WHAT THE TASK REQUIRES → Setting aside any pictures, reproduce the data exactly.

*** DATA ***

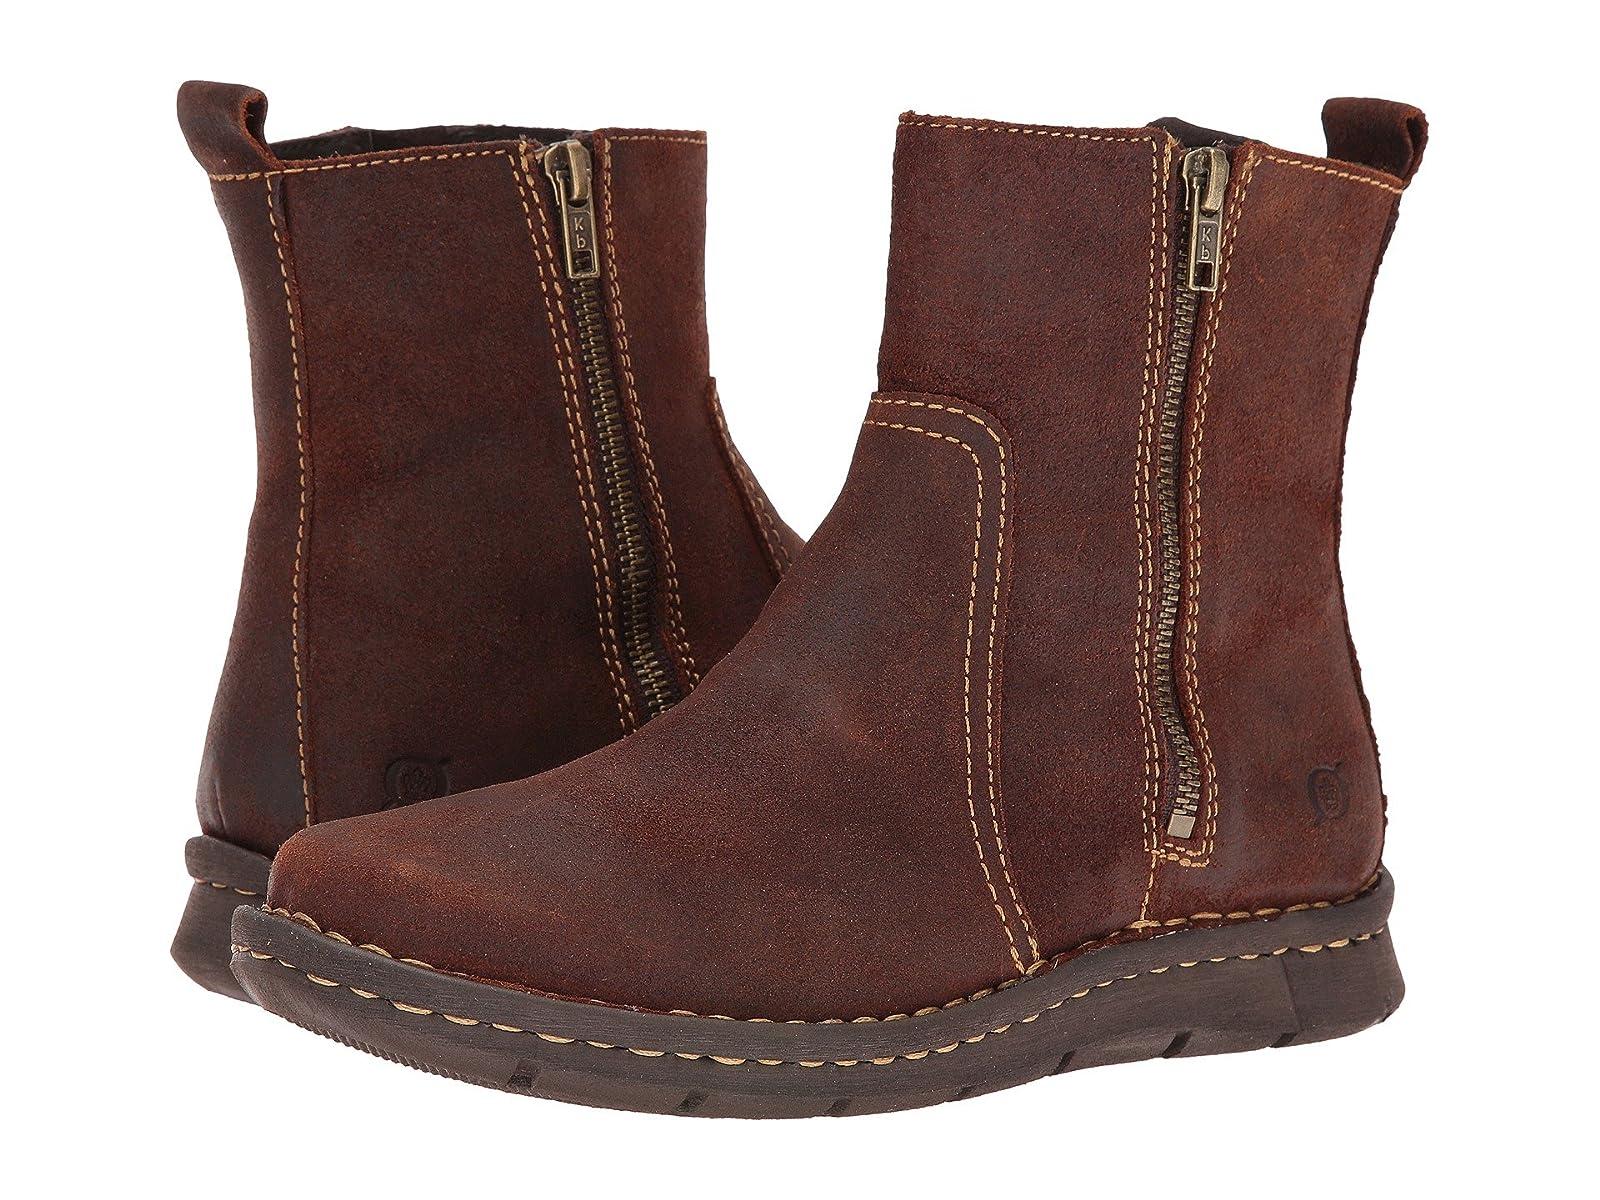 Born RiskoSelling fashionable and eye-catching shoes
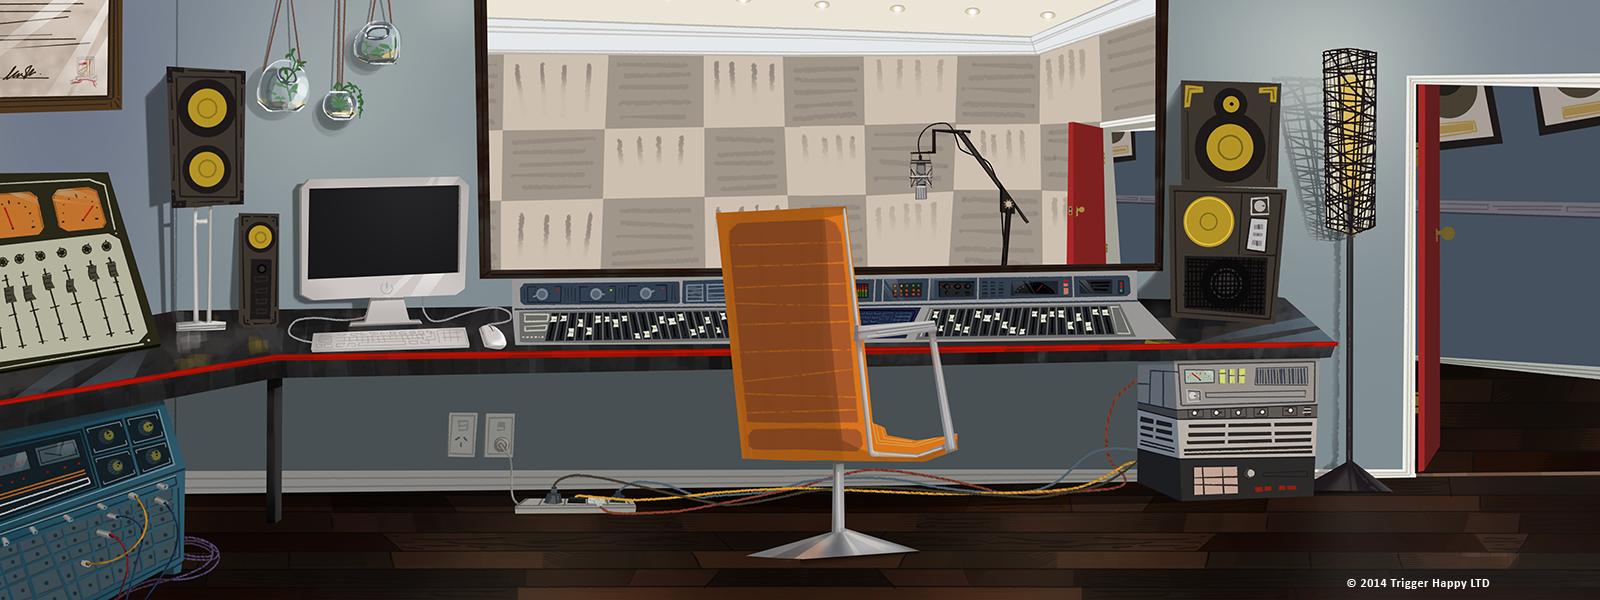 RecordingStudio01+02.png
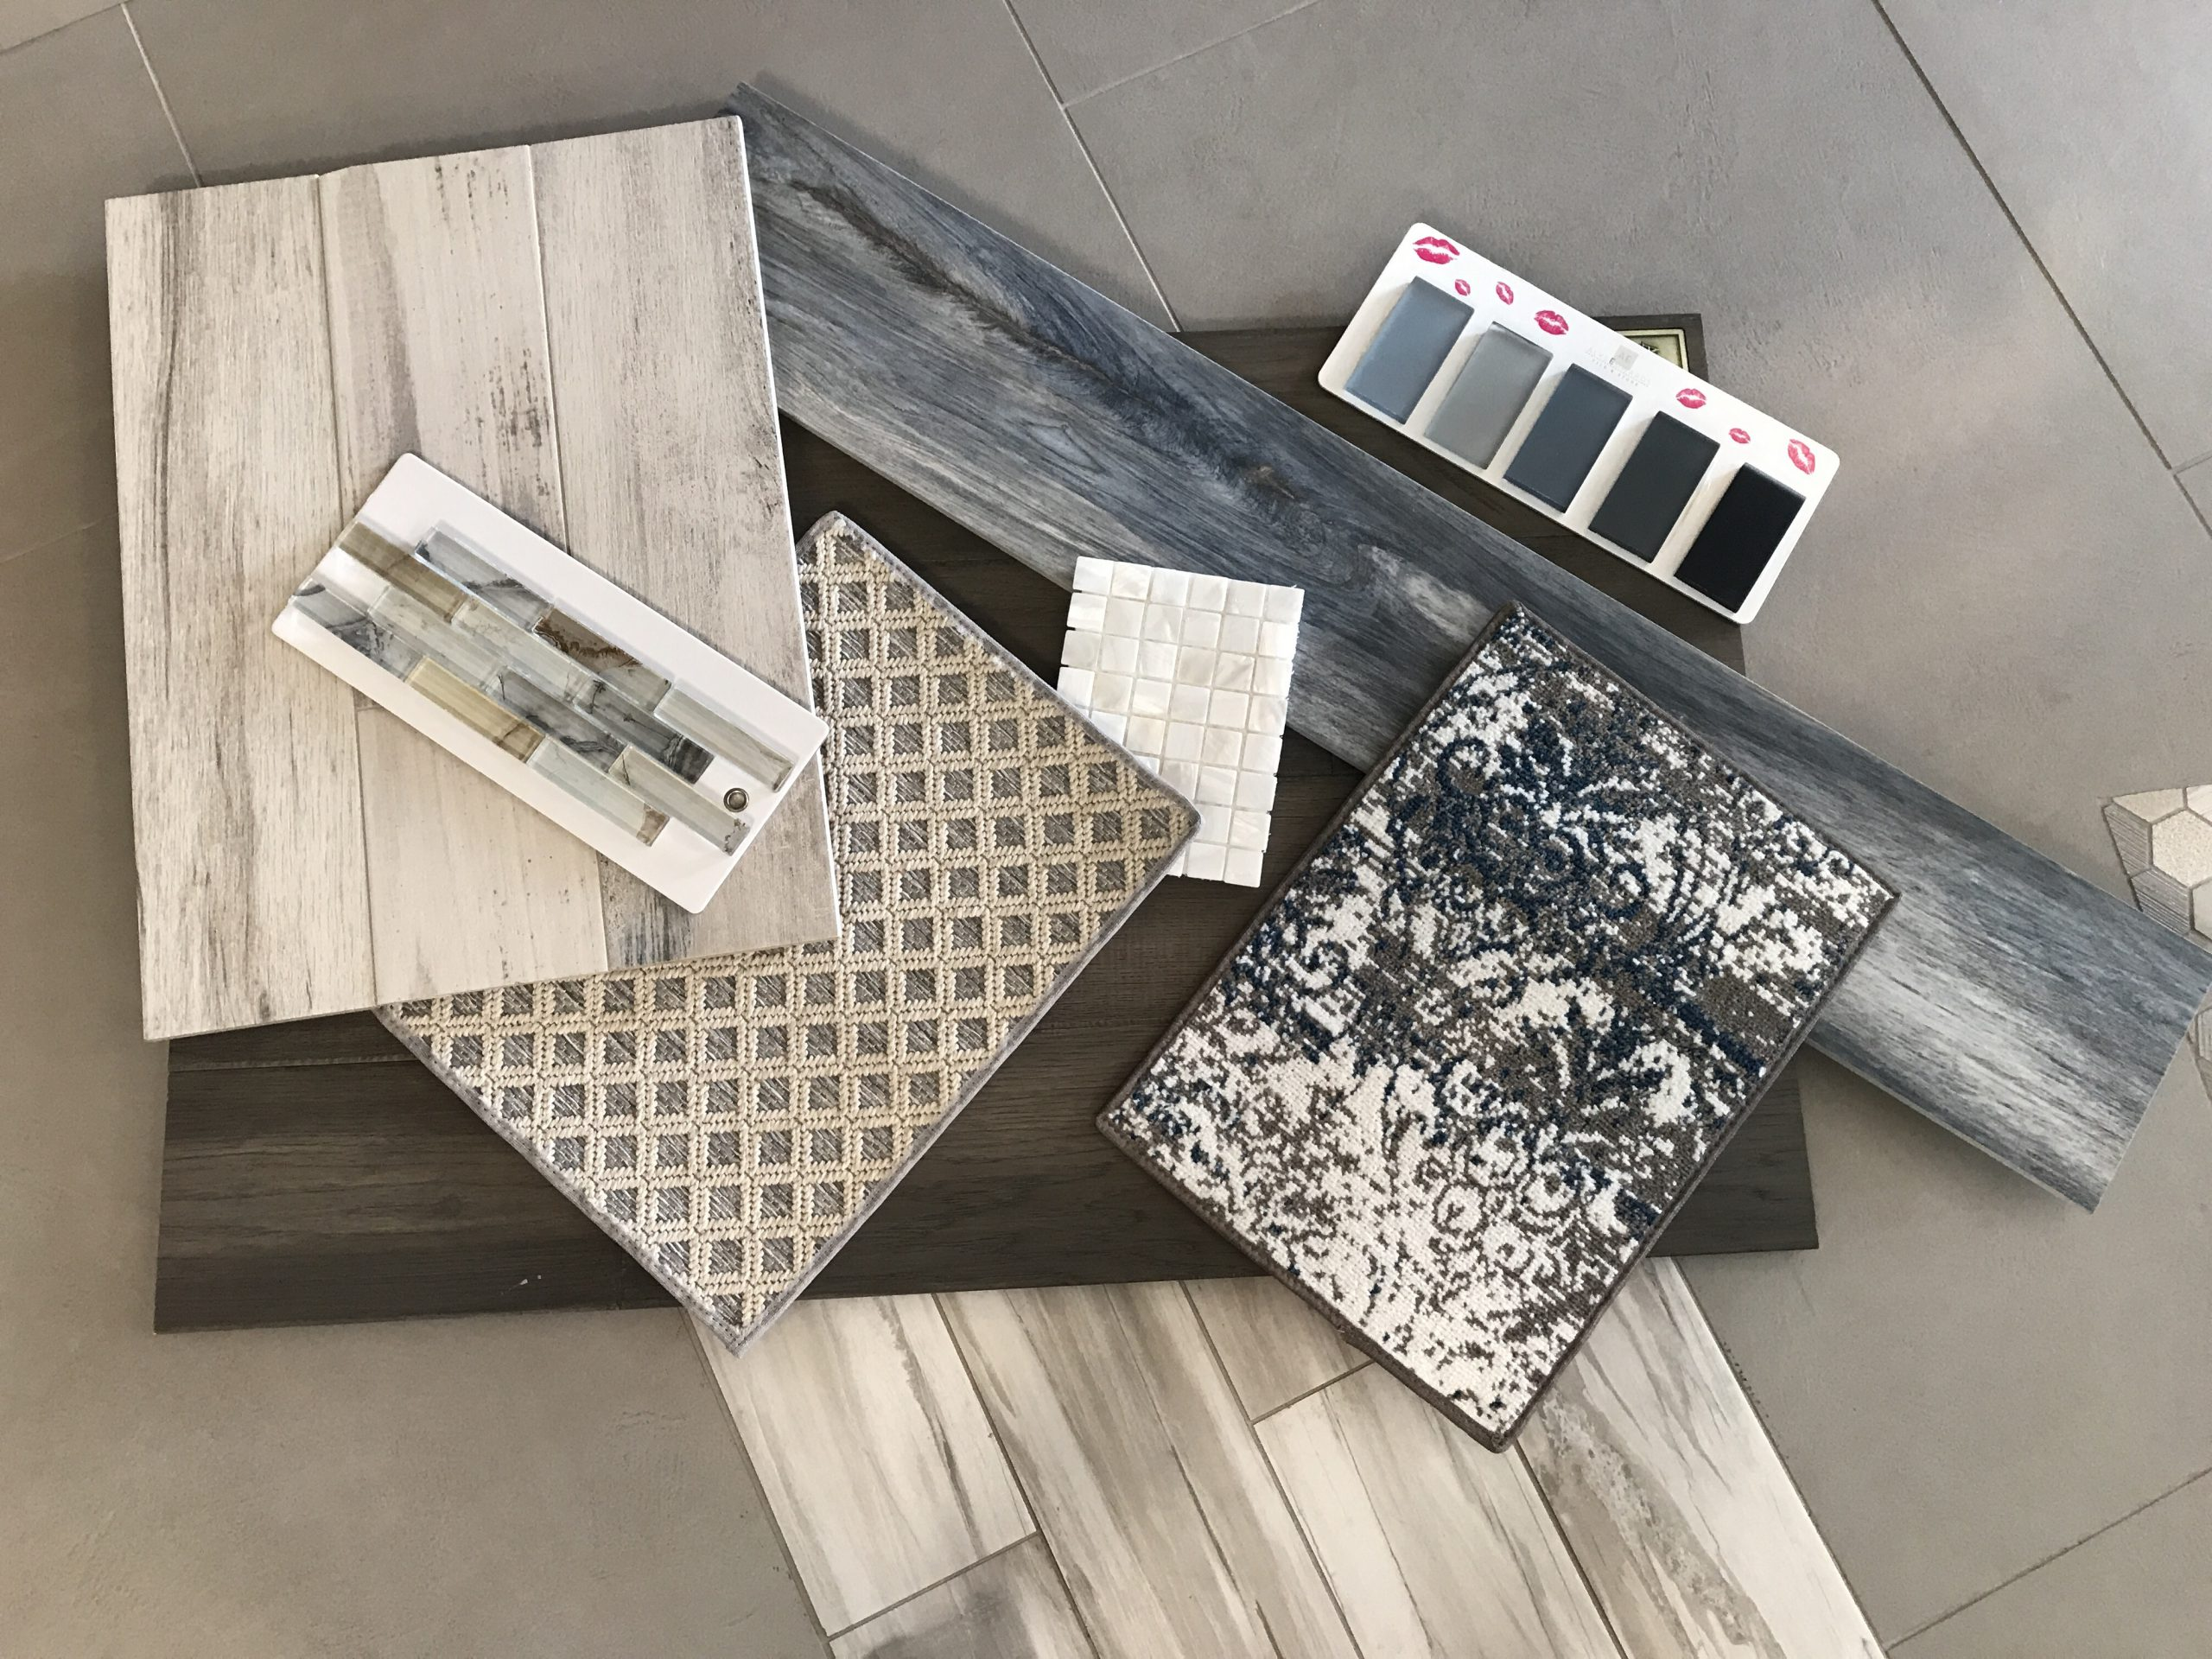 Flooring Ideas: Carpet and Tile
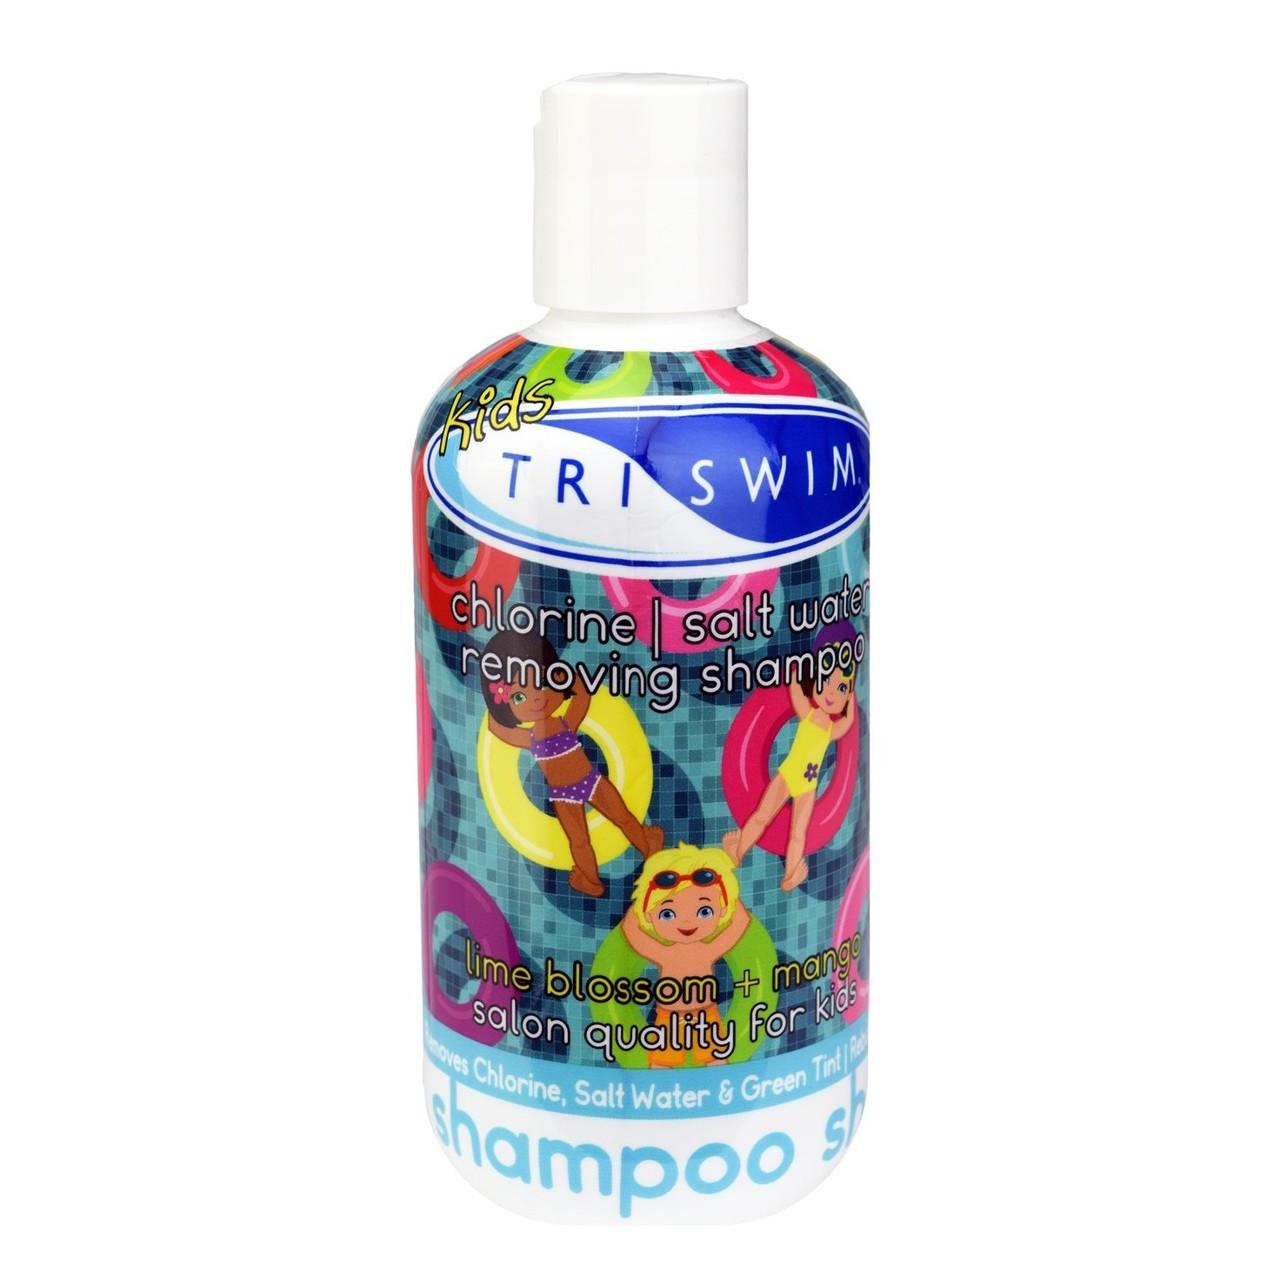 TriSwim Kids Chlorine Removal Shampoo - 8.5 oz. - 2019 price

***

RESULT OF THE TASK →
 Born RiskoSelling fashionable and eye-catching shoes
 RecordingStudio01+02.png
 Flooring Ideas: Carpet and Tile
 TriSwim Kids Chlorine Removal Shampoo - 8.5 oz. - 2019 price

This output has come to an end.